The Board of Directors of ORBIS International hosted an evening to honor the life and achievements of David Paton, MD, a founder of ORBIS International. The event was held on Wednesday, April 6, 2011 at a private club in New York City. Dr. Robert F. Walters, chairman of ORBIS International, hosted the event. The Honorable James A. Baker, III, Richard M. Furlaud and Bruce E. Spivey, MD co-hosted the event.
Dr. Robert F. Walters, chairman of ORBIS International, opened the evening by welcoming guests to this special reception and recognizing the crowd of more than 140 friends, family and colleagues. He thanked everyone for being an important part of the ORBIS mission and emphasized the enormous need and critical intervention necessary to eliminate the 75% of global blindness that is avoidable or treatable.
ORBIS International began as Project ORBIS in the late 1960’s when Dr. David Paton was a faculty member of The Wilmer Institute of The Johns Hopkins Hospital. After extended experiences abroad, Dr. Paton recognized the lack of eye care and ophthalmic teaching in developing nations where blindness was widespread. Out of his experiences came the idea for a mobile teaching hospital and the inspiration for the world’s only Flying Eye Hospital and, thus, Project ORBIS International was born.
Since its first program in 1982, ORBIS has carried out more than 1,000 programs in 88 countries, enhanced the skills of more than 288,000 eye health care personnel and helped establish services that have provided quality eye care treatment to more than 15 million people.
Over the past decade, ORBIS programs have expanded both in scale and scope. ORBIS has collaborated with more than 200 partner hospitals to carry out more than 170 multi-year projects that have been managed in six ORBIS staffed country/regional program locations; an average of six to eight Flying Eye Hospital (FEH) programs annually; an ophthalmic telemedicine-based initiative; utilization of more than 1,000 volunteer medical professionals in our education and training efforts; and large scale public awareness and advocacy campaigns. Through a needs-based approach, ORBIS has built the capacity of its partners in multiple areas of ophthalmic care including: cataract surgery, trachoma control, pediatric ophthalmology, eye banking, rural eye care, and related essential interventions such as outreach, screening and referral.
ORBIS uses different strategies to provide comprehensive training and resources, and key to this approach is the provision of ophthalmic training by our Volunteer Faculty through short term training programs. On average, ORBIS deploys an average of 150 Volunteer Faculty a year to its partner institutions and/or to work aboard the ORBIS Flying Eye Hospital.
ORBIS retains a global cadre of medical professionals dedicated to helping our partners strengthen their abilities to preserve and restore sight.

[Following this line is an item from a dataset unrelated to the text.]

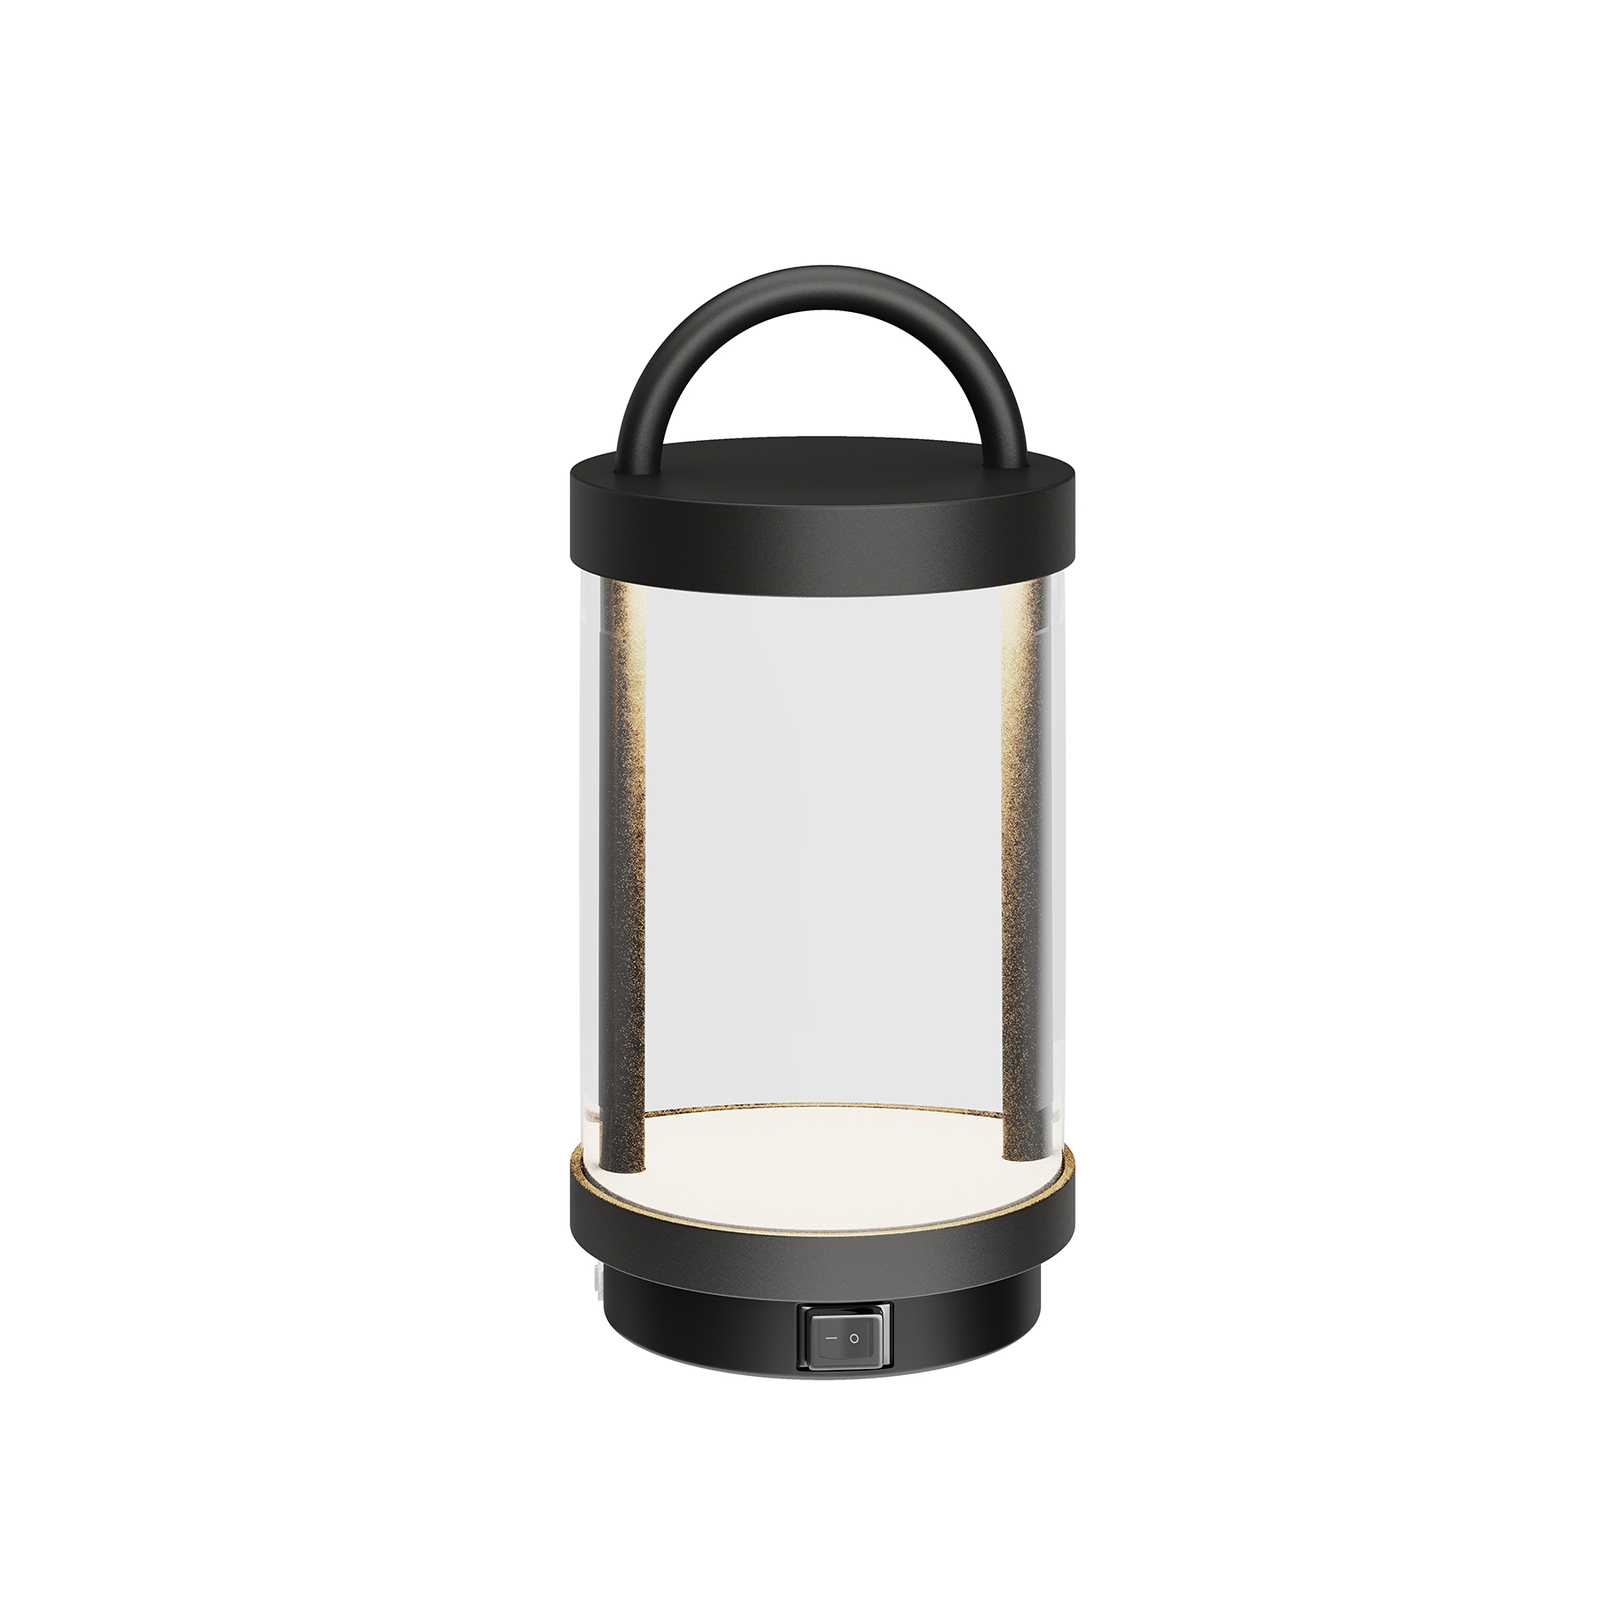 Lucande Caius LED decorative light for outdoors | Lights.co.uk
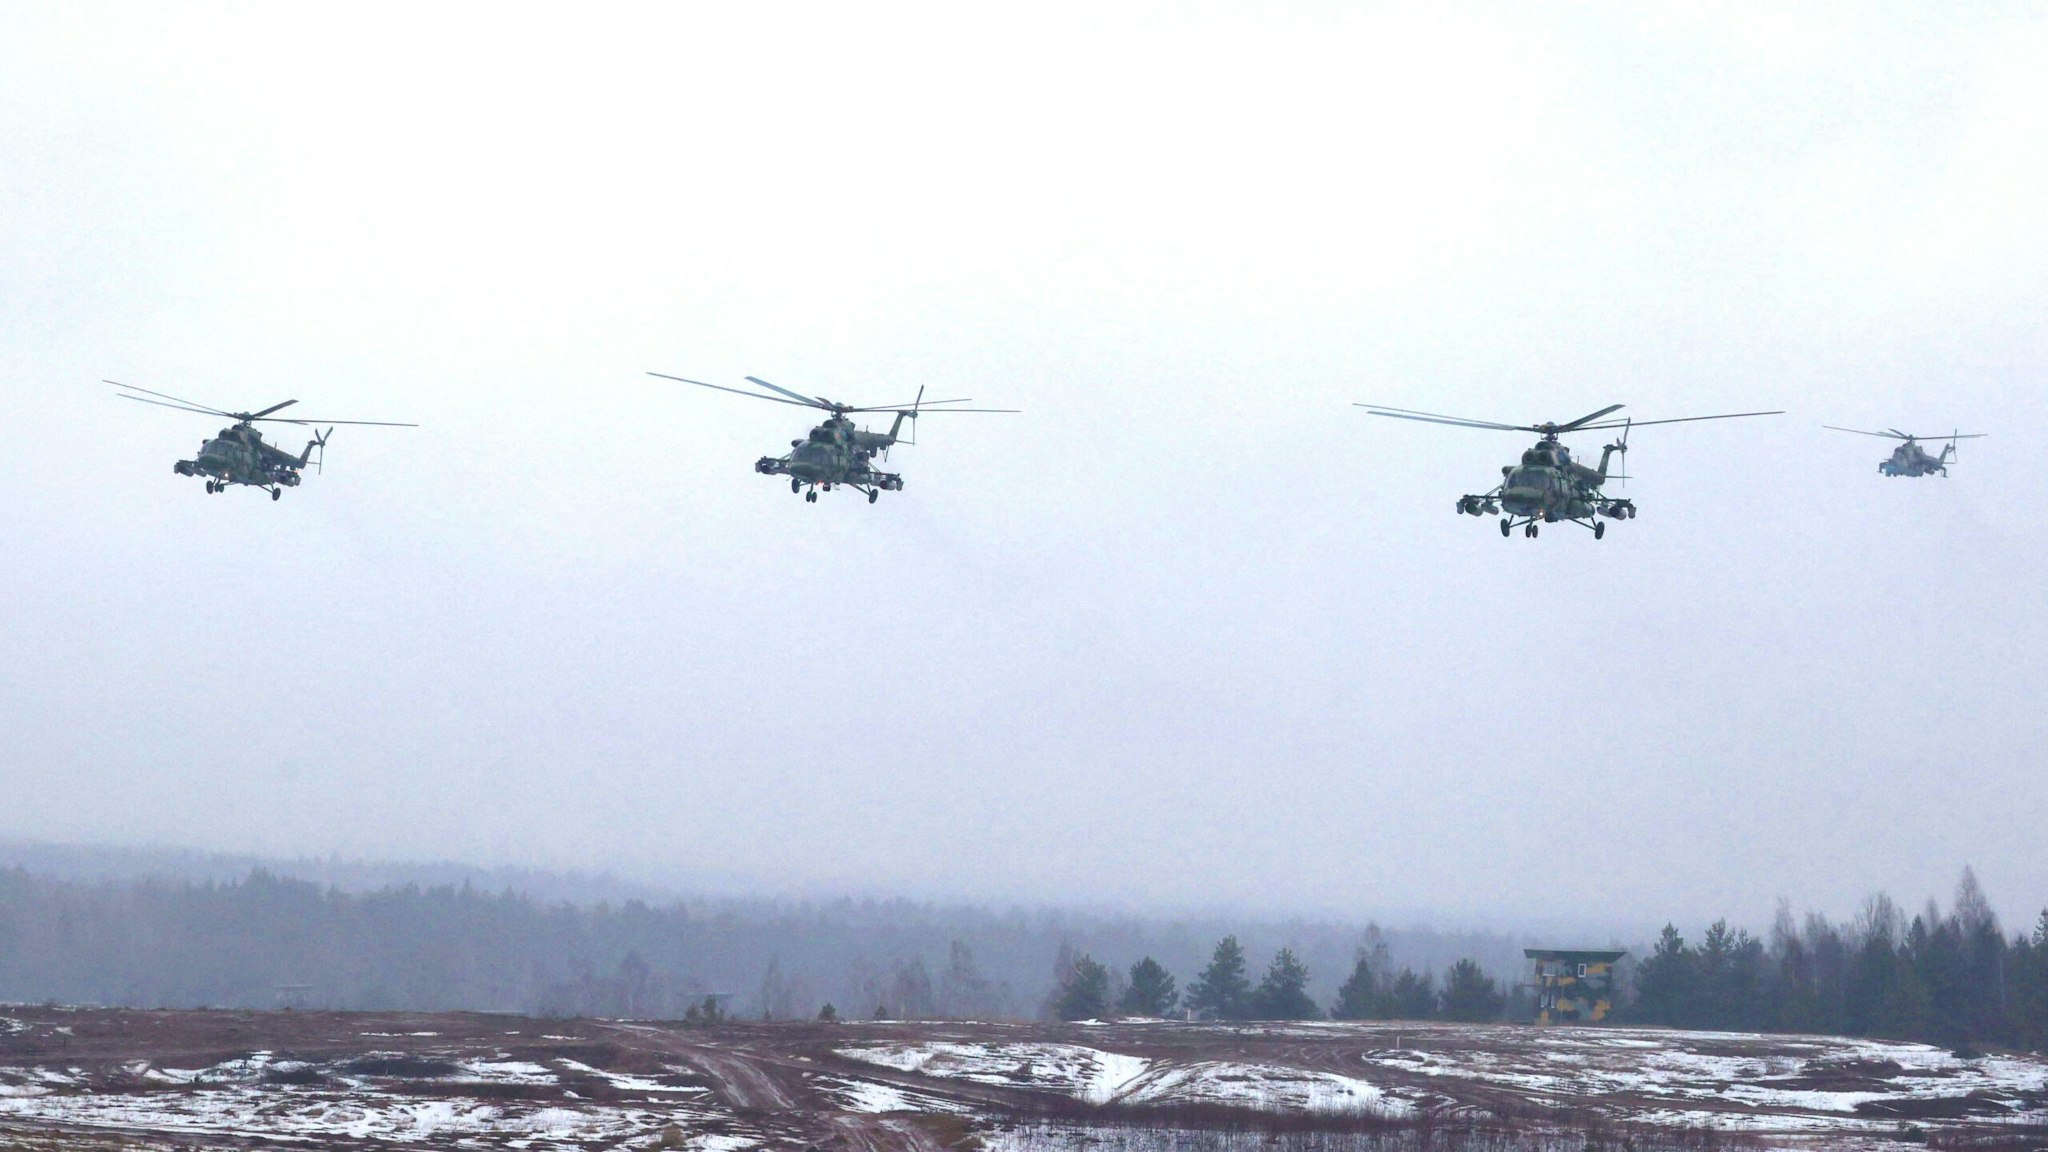 Belarusian Mil Mi-8MTV-5 military helicopters fly over a field during joint exercises of the armed forces of Russia and Belarus as part of an inspection of the Union State's Response Force, at a firing range near a town of Osipovichi outside Minsk on February 17, 2022.

Our volunteers donate their time, knowledge and energy to enable learning and improve the quality of patient care around the world. ORBIS Volunteer Faculty are matched in accordance to requested subspecialty skill areas. Typical activities included hands-on training, surgical demonstration, diagnostic and post-operative consultation and lectures.
ORBIS International gratefully acknowledges the generosity of the Paton family, friends and colleagues and ORBIS International’s Board and benefactors whose contributions to the evening’s event will establish the Paton Global Ophthalmology Fellowship.